Closed lingz closed 7 years ago
Thats a good suggestion. I'm still conducting the hyper parameter search for the data set. I've had to put off working on this project in favour of work projects, but given the recent interest in it I will find more time to put into it.
I will be able to train some models over the next few days, with the intention of finding an estimation of what parameters converge.
Just out of curiosity, with the models you have so far, what are your CTC loss, and accuracy looking like (just rough estimate)?
I haven't spent much time on training it (yet), I had one model where ctc loss went down to about 400, and I haven't built in a mechanism to track accuracy yet. I also expect to be able to get significantly better ctc loss results over the next few days. I'm not sure accuracy is they right metric to use here, I want to do my research into that. I think loss is sufficient given the amount of classification labels.
Hmm, I managed to get CTC loss to under 200, but it was still at that point giving essentially useless labels (almost all blanks).
Ok, keep in mind for the acoustic model there probably will be a lot of blanks, and the output might look like gibberish, but the language model should clean that up. Of course, I'm not saying that is the case here. 200 might not be a minimized enough loss, I will hopefully be able to get more information by Monday, by allowing some models to train over the next few days.
Okay let me know if you see any good results with just the acoustic model.

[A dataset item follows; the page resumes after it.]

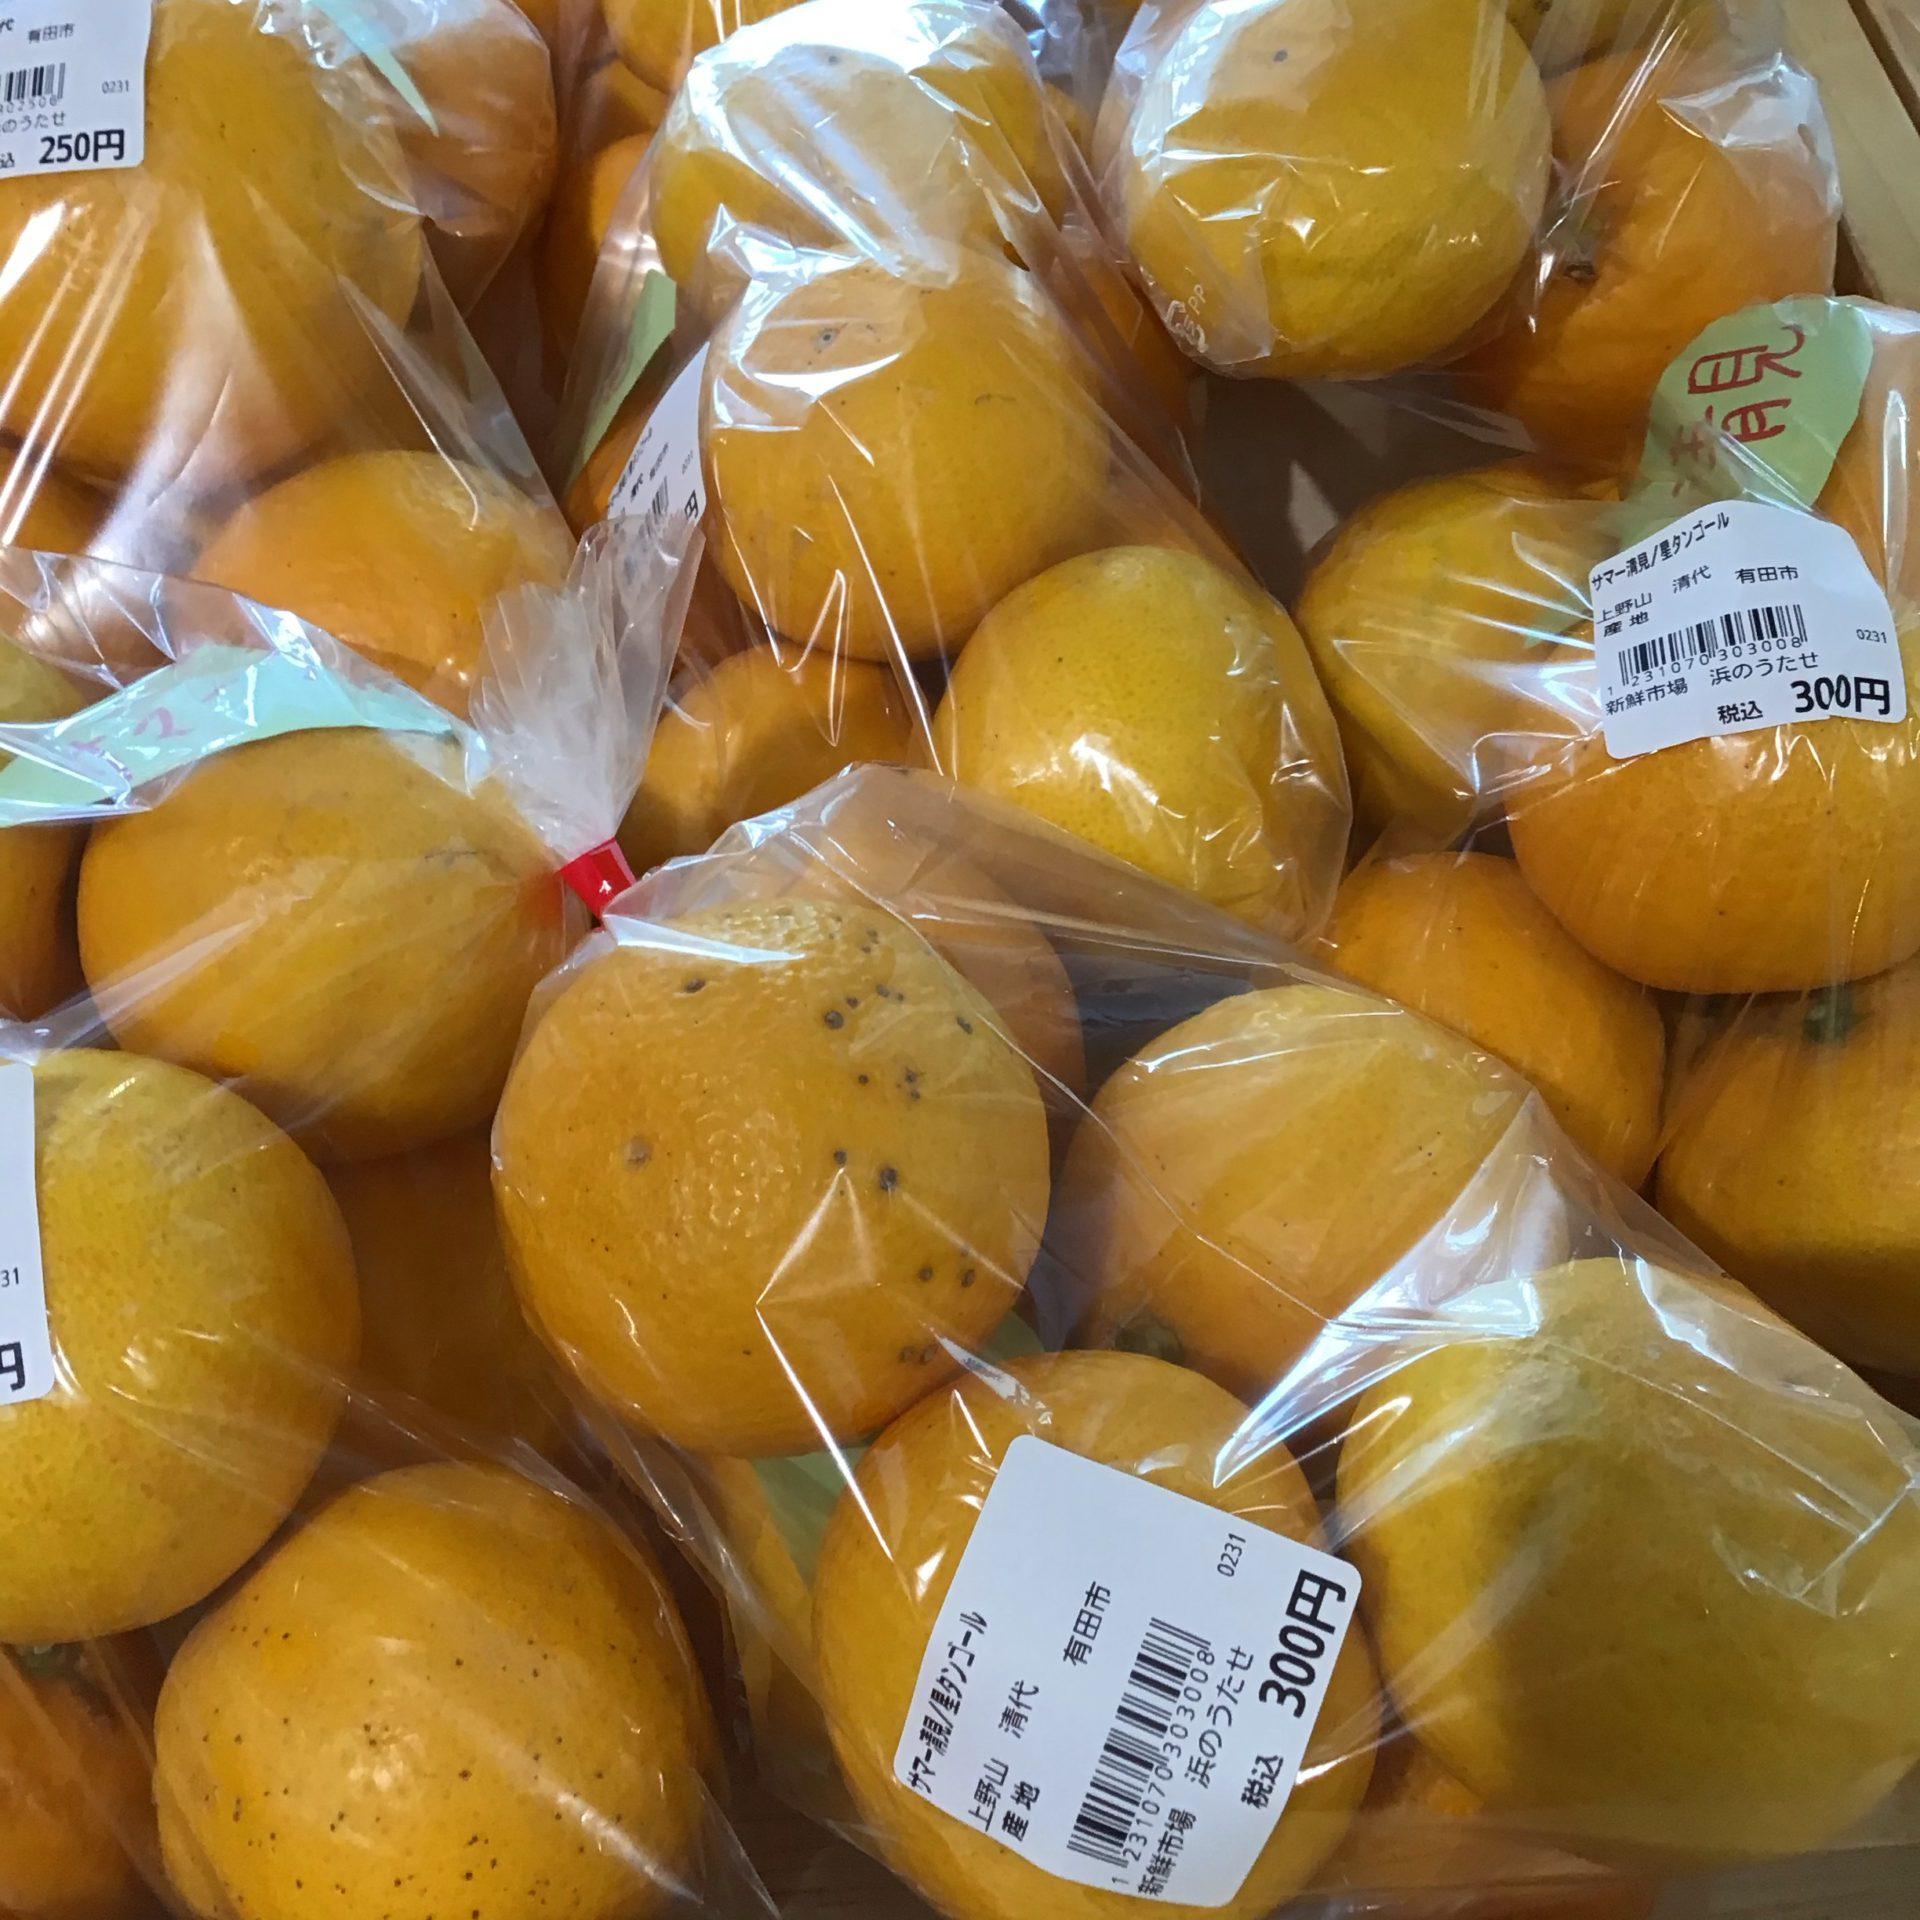 旬の柑橘あります!

On Sat, Jul 9, 2016, 12:21 AM Dominik notifications@github.com wrote:
Ok, keep in mind for the acoustic model there probably will be a lot of blanks, and the output might look like gibberish, but the language model should clean that up. Of course, I'm not saying that is the case here. 200 might not be a minimized enough loss, I will hopefully be able to get more information by Monday, by allowing some models to train over the next few days.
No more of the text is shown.